The romance leans on a familiar tsundere-style dynamic where the male lead gradually melts, but their relationship settles into quiet understanding and struggles to convincingly evolve into romantic love. There is a love triangle kept in play far beyond any reasonable expiration date, fueled by FL’s naïveté and quirky, outgoing personality, which is apparently standard issue for a hardened general. Her prolonged, inexplicable trust and friendliness toward the love rival persist despite knowing he is an agent of the main antagonist with blood on his hands and despite his repeated romantic advances. This is marked by consistently tone-deaf behavior: getting clingy with him when drunk despite barely knowing him, inviting him out to admire the moon, decorating a gift from ML with the rival’s tassel, and even re-gifting him another precious item from ML.

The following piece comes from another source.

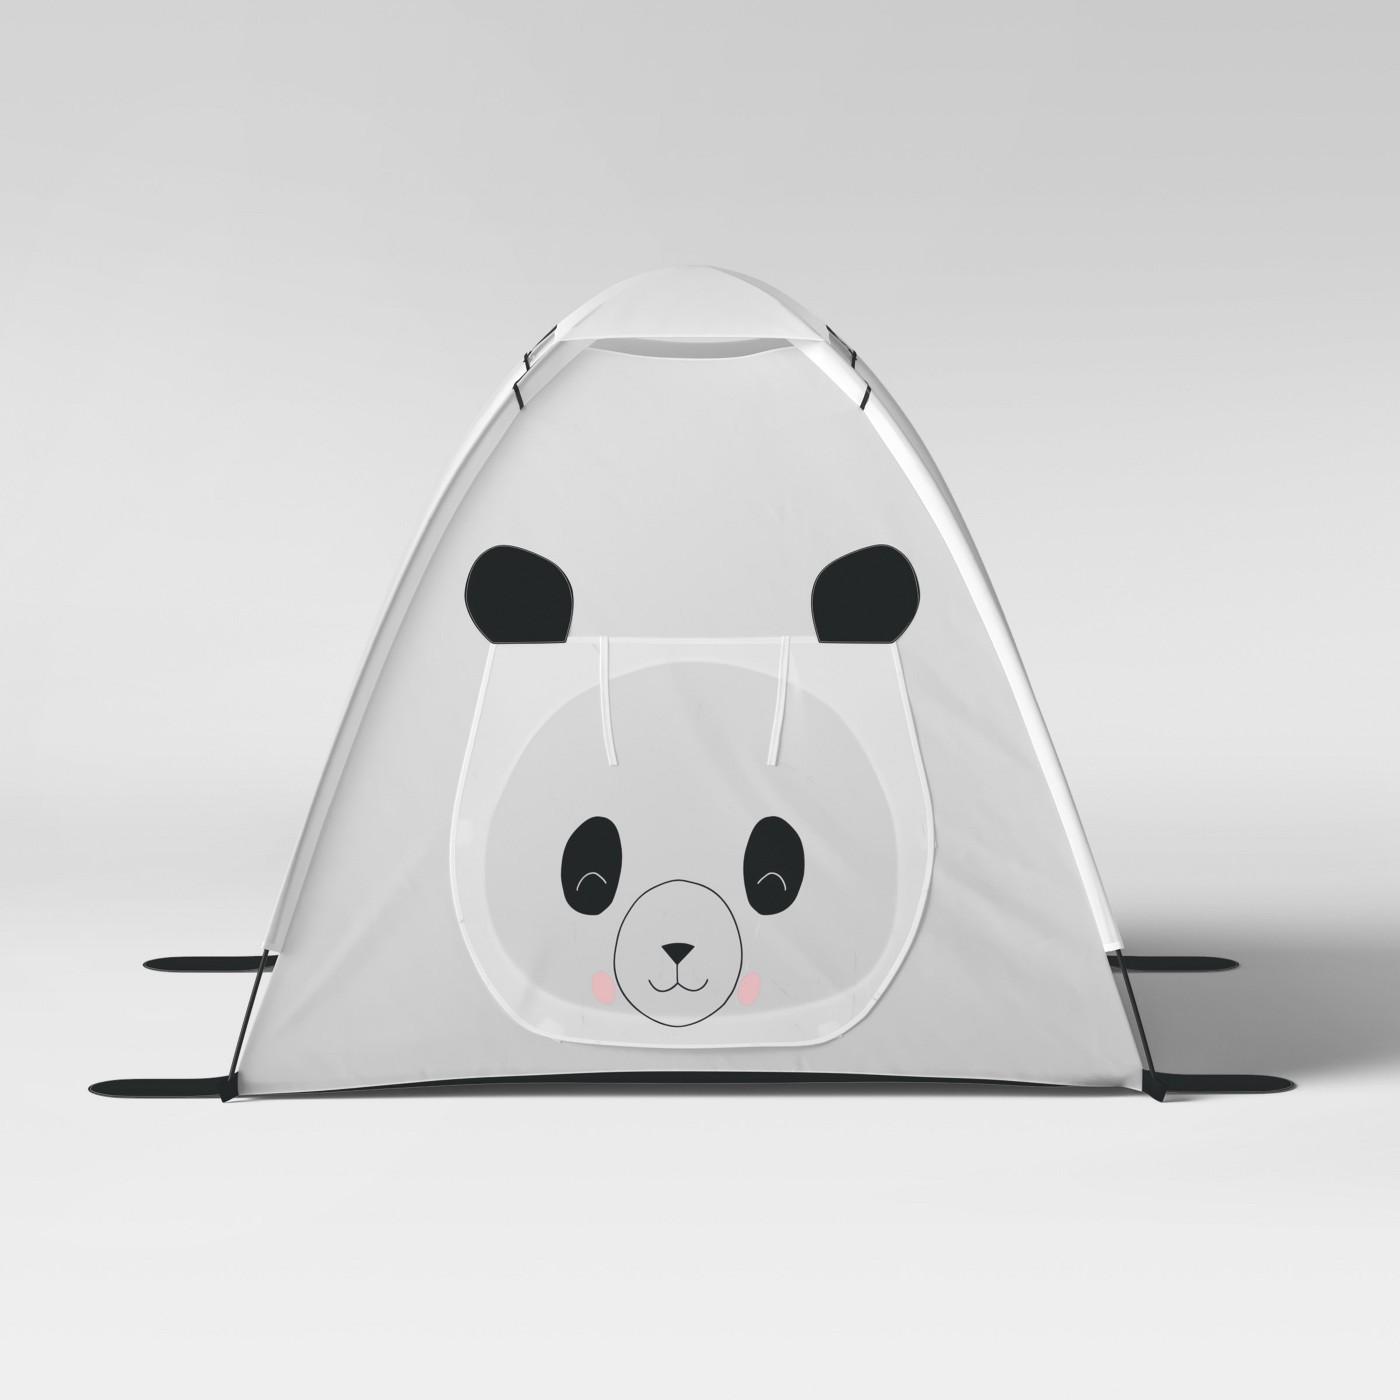 Panda Bear Play Tent - White - Pillowfort™ - image 1 of 4
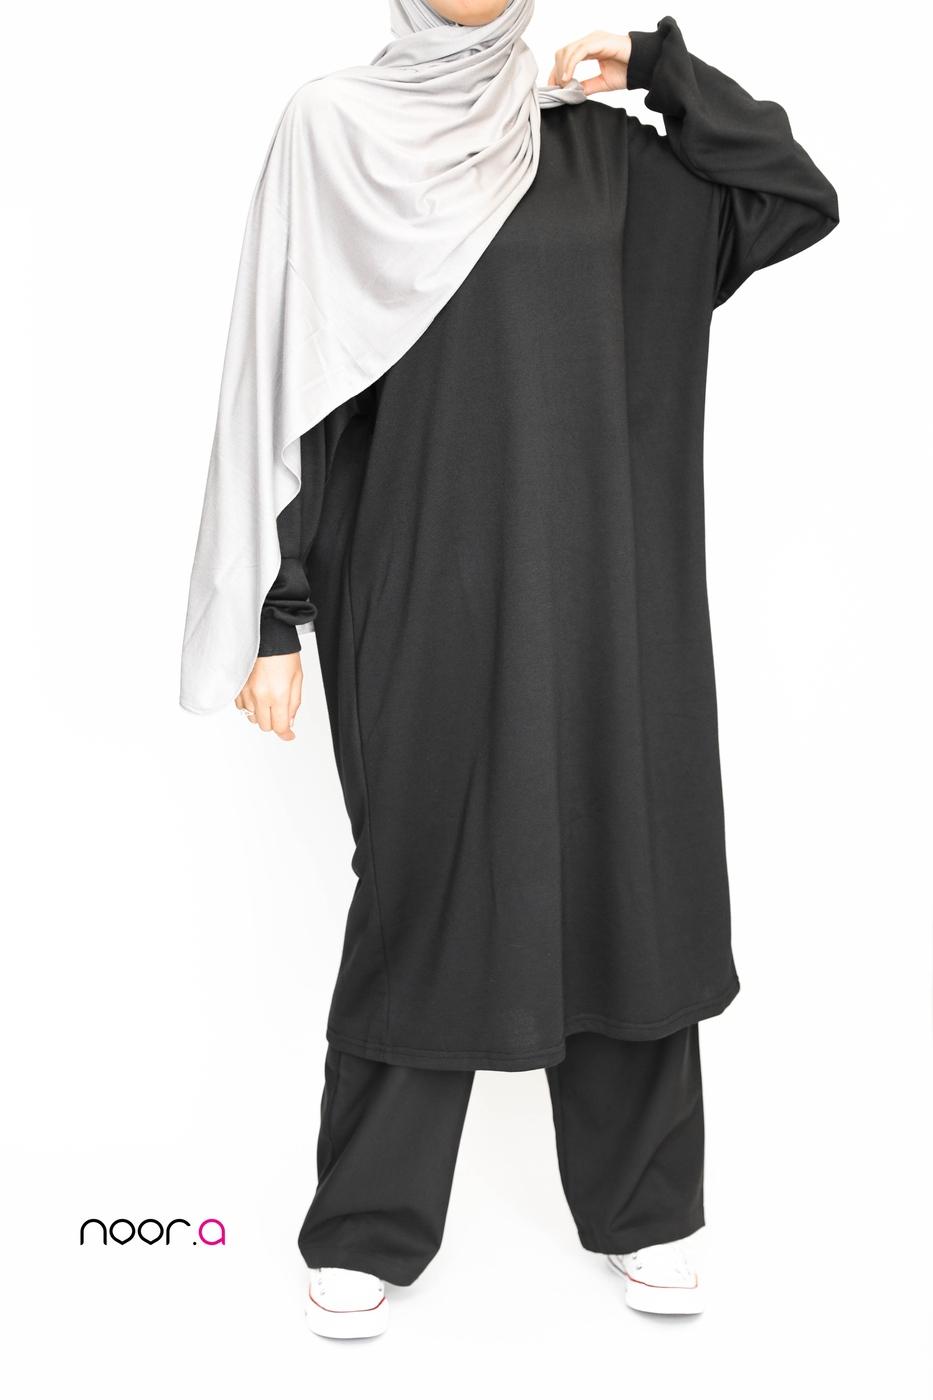 tunique-longue-oversize-comfy-hijab-xxl-viscose-gris (4)

Rather than arising from believable character logic, these moments come across as plot devices for “cute jealousy” beats and manufactured angst for ML, while being framed as friendliness. Even so, the tension begins to wear thin, as the romance itself isn’t substantial enough to justify it until much later. Instead of addressing the situation decisively, as any believable general and respectful partner would, FL treats it as a source of amusement or handwaves it entirely. She even states that the main couple “don’t need clear lines” or boundaries, right up until it stops being fun, ultimately weakening the emotional stakes of the romance. It is a bizarre feat of writing to portray a warrior who can cut down hundreds on a battlefield yet acts like a clueless schoolgirl in private, having the tactical genius to save an empire but lacking common sense to set a boundary with a treasonous rival.

The rival’s “tragic” motivation is particularly absurd: he harbors a self-righteous savior complex, convinced that generals are the root of the empire’s suffering (rather than scheming officials like himself), yet actively engineers FL’s rise as a powerful general. He genuinely believes that sabotaging and weakening his own country’s army, while in conflict with a warlike foreign enemy, will somehow bring lasting peace. This makes his actions and motivation feel far more delusional than profound, and self-serving rather than principled. Despite it all, he gets promoted quickly riding on the coattails of the main couple’s accomplishments. Aside from ML, accountability is largely absent, culminating in the rival receiving lenient treatment despite his role in schemes, treason, and mass deaths. As if a selectively remembered tragic past, obsession with FL, self-pity and good looks are enough to excuse his crimes. Plot armor thicker than the city walls he betrays, in a story with more holes than plot. Classic C-drama logic.